DATASET CONTENT:
········
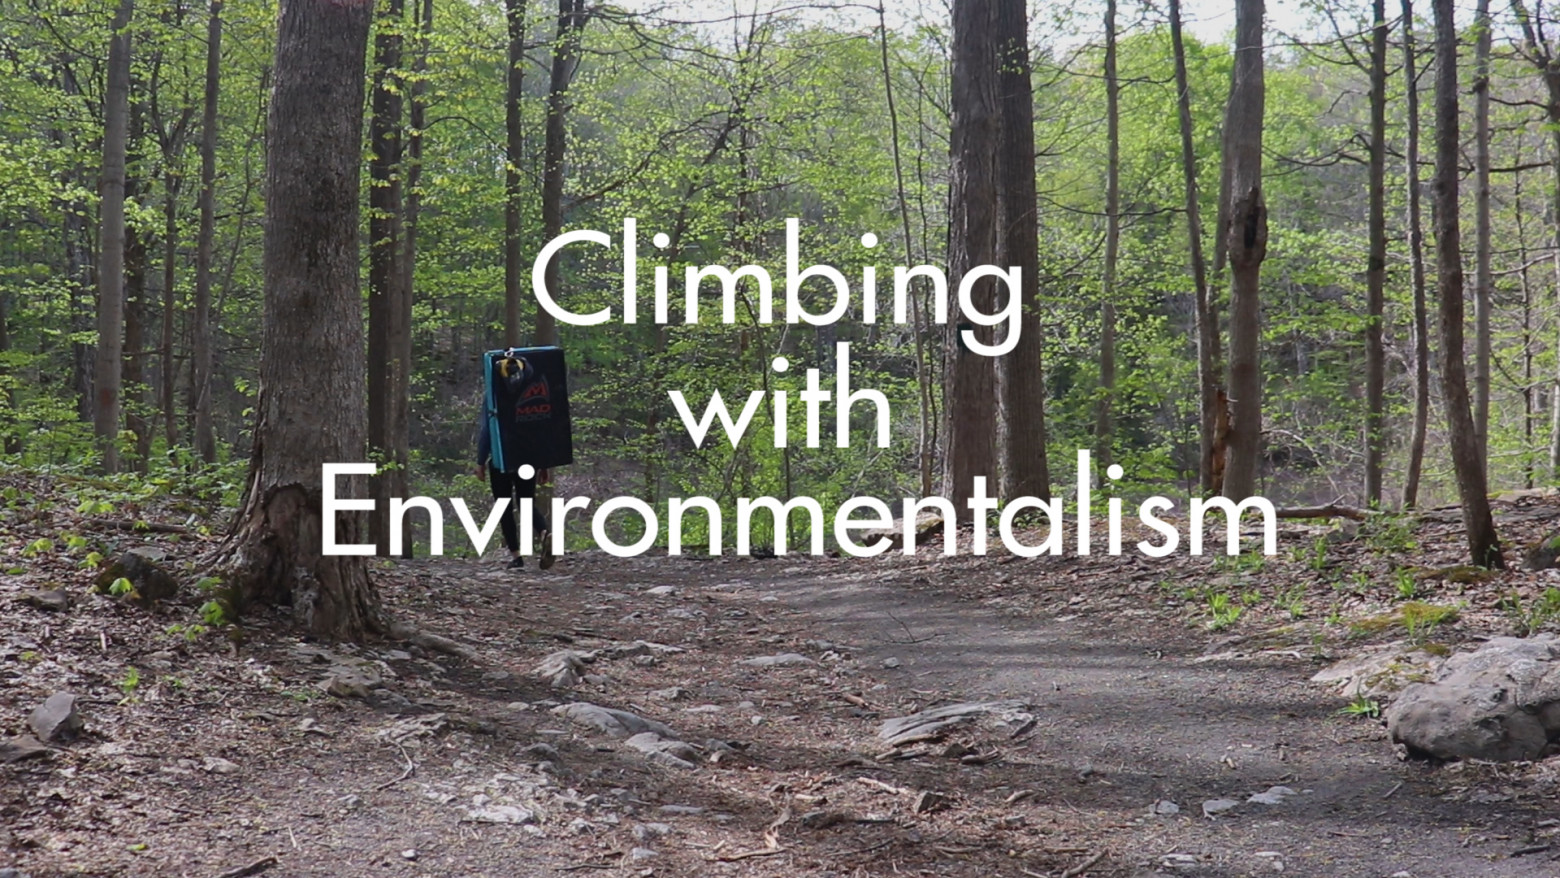 Climbing with environmentalism
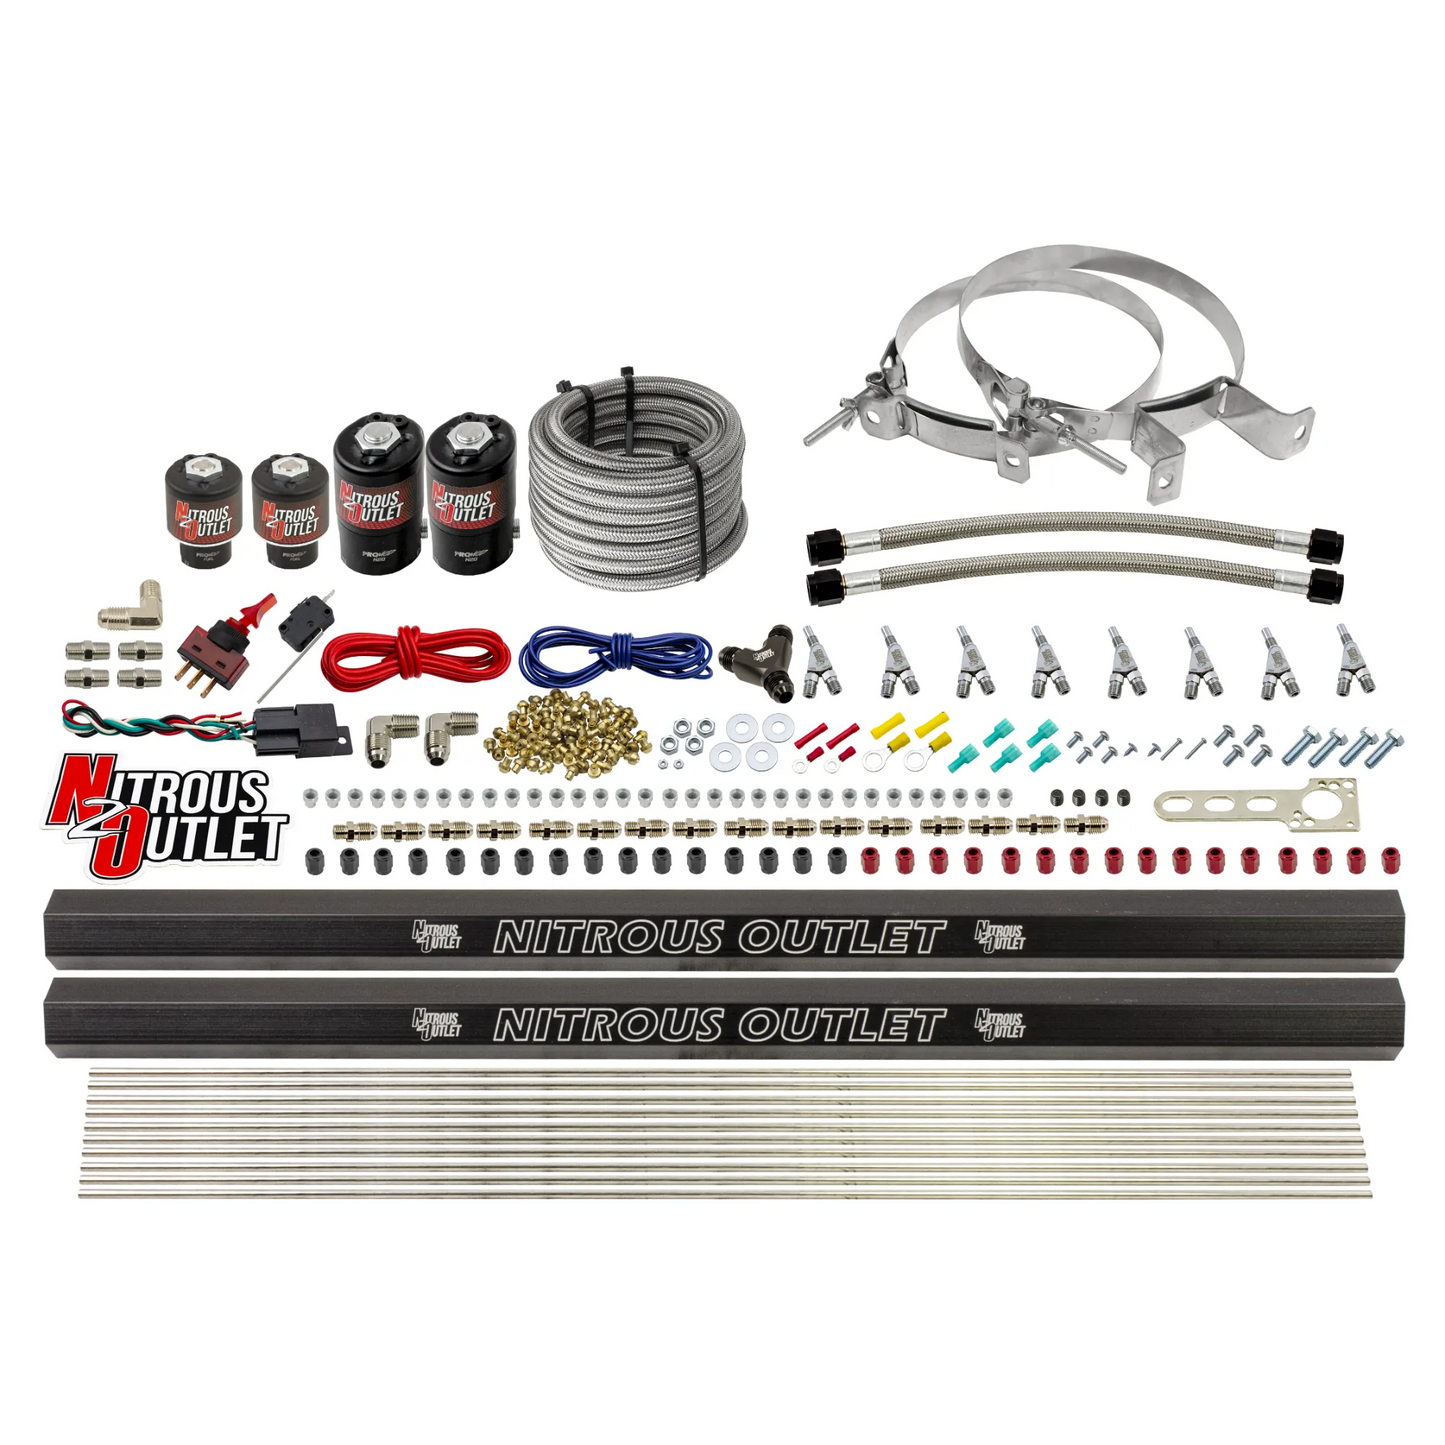 8 Cylinder Single Stage Direct Port Nitrous System with Injection Rails - Alcohol - .122 Nitrous/.177 Fuel - Straight Blow Through Nozzles
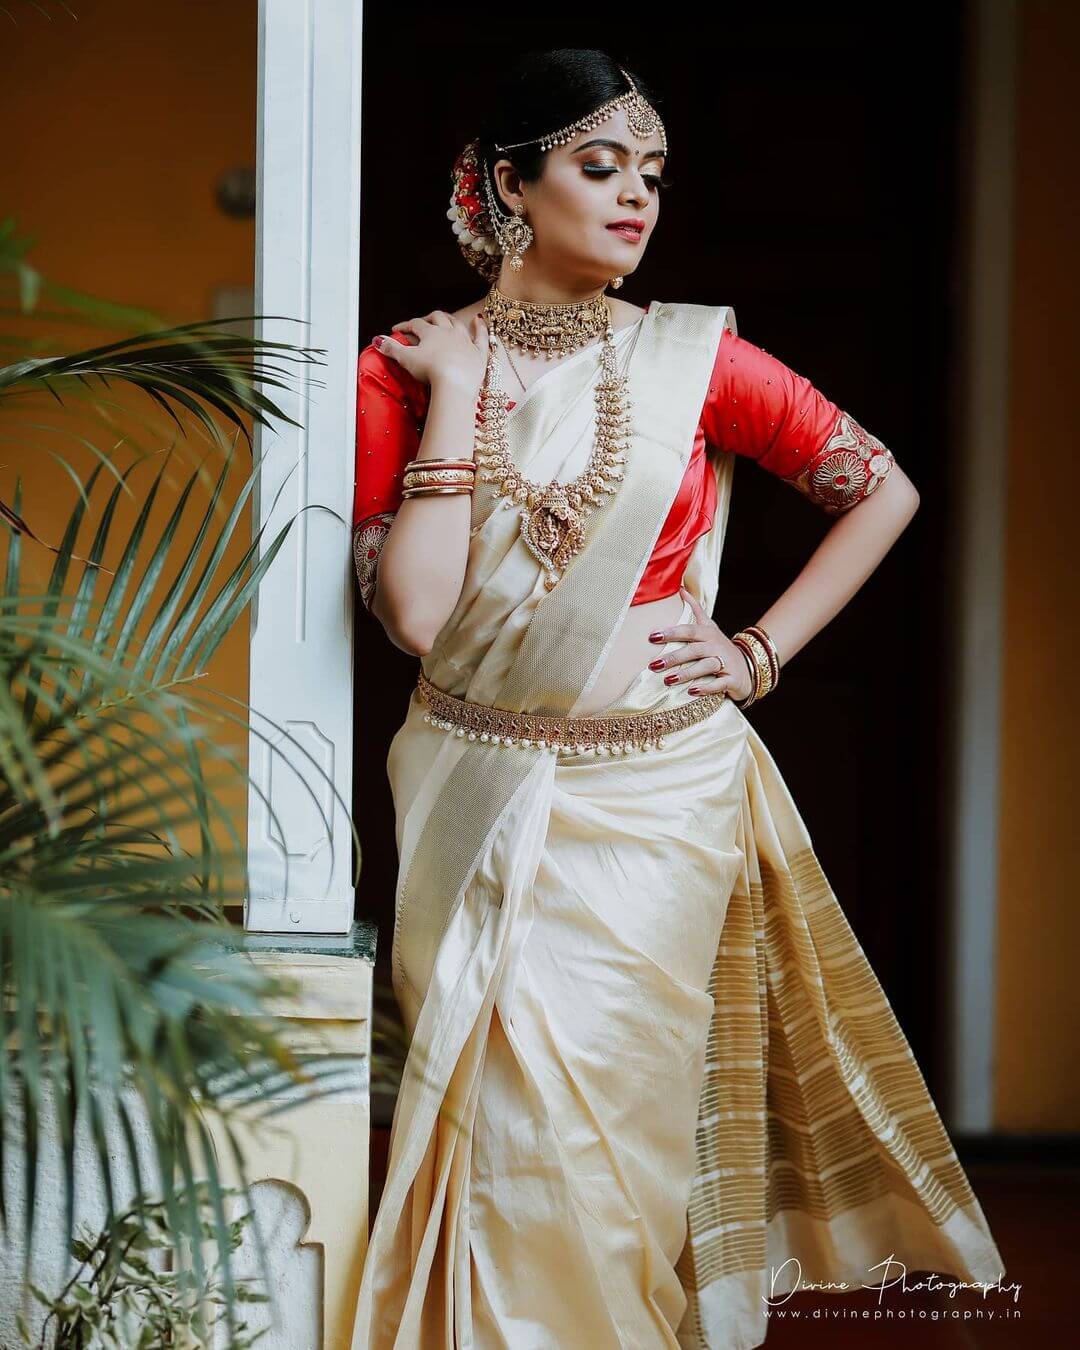 Traditional Golden Kancheepuram saree every bride will love 🥰🥰 Outfit  @mugdhaartstudio Follow @southindianbridalfashion for daily dose of… |  Instagram
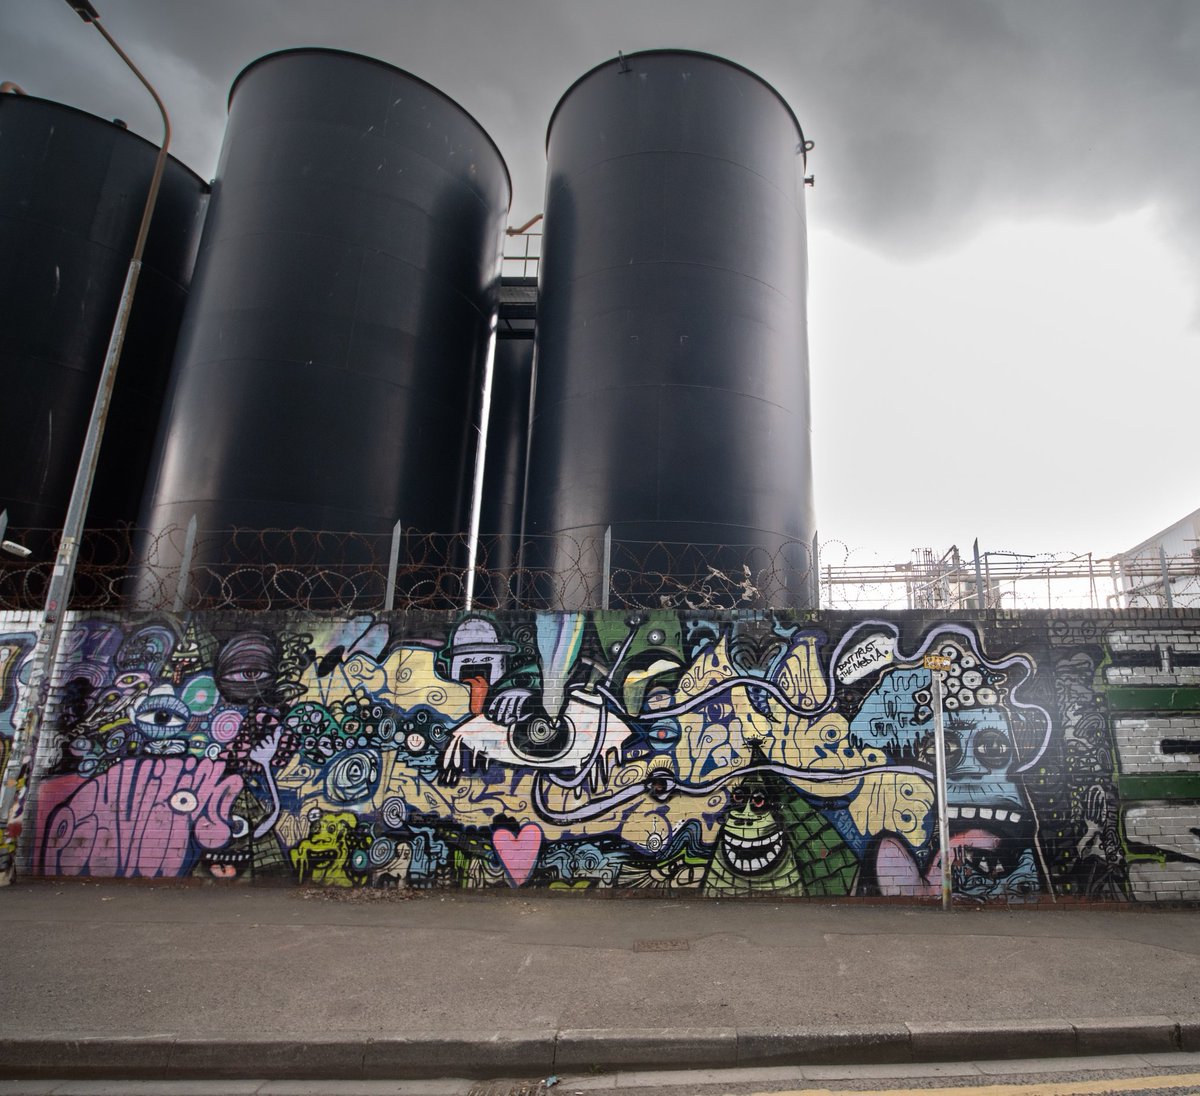 Location: Air St, #Hull Artist: psy_visions [I'm making a #graffiti documentary, check it out here: streetartandsoul.com]
········
DESCRIPTION OF THE TASK:
Quote the data exactly, leaving every image out of the copy.

REPLY TO THE TASK:
 Climbing with environmentalism
 8 Cylinder Single Stage Direct Port Nitrous System with Injection Rails - Alcohol - .122 Nitrous/.177 Fuel - Straight Blow Through Nozzles
 Traditional Golden Kancheepuram saree every bride will love 🥰🥰 Outfit  @mugdhaartstudio Follow @southindianbridalfashion for daily dose of… |  Instagram
 Location: Air St, #Hull Artist: psy_visions [I'm making a #graffiti documentary, check it out here: streetartandsoul.com]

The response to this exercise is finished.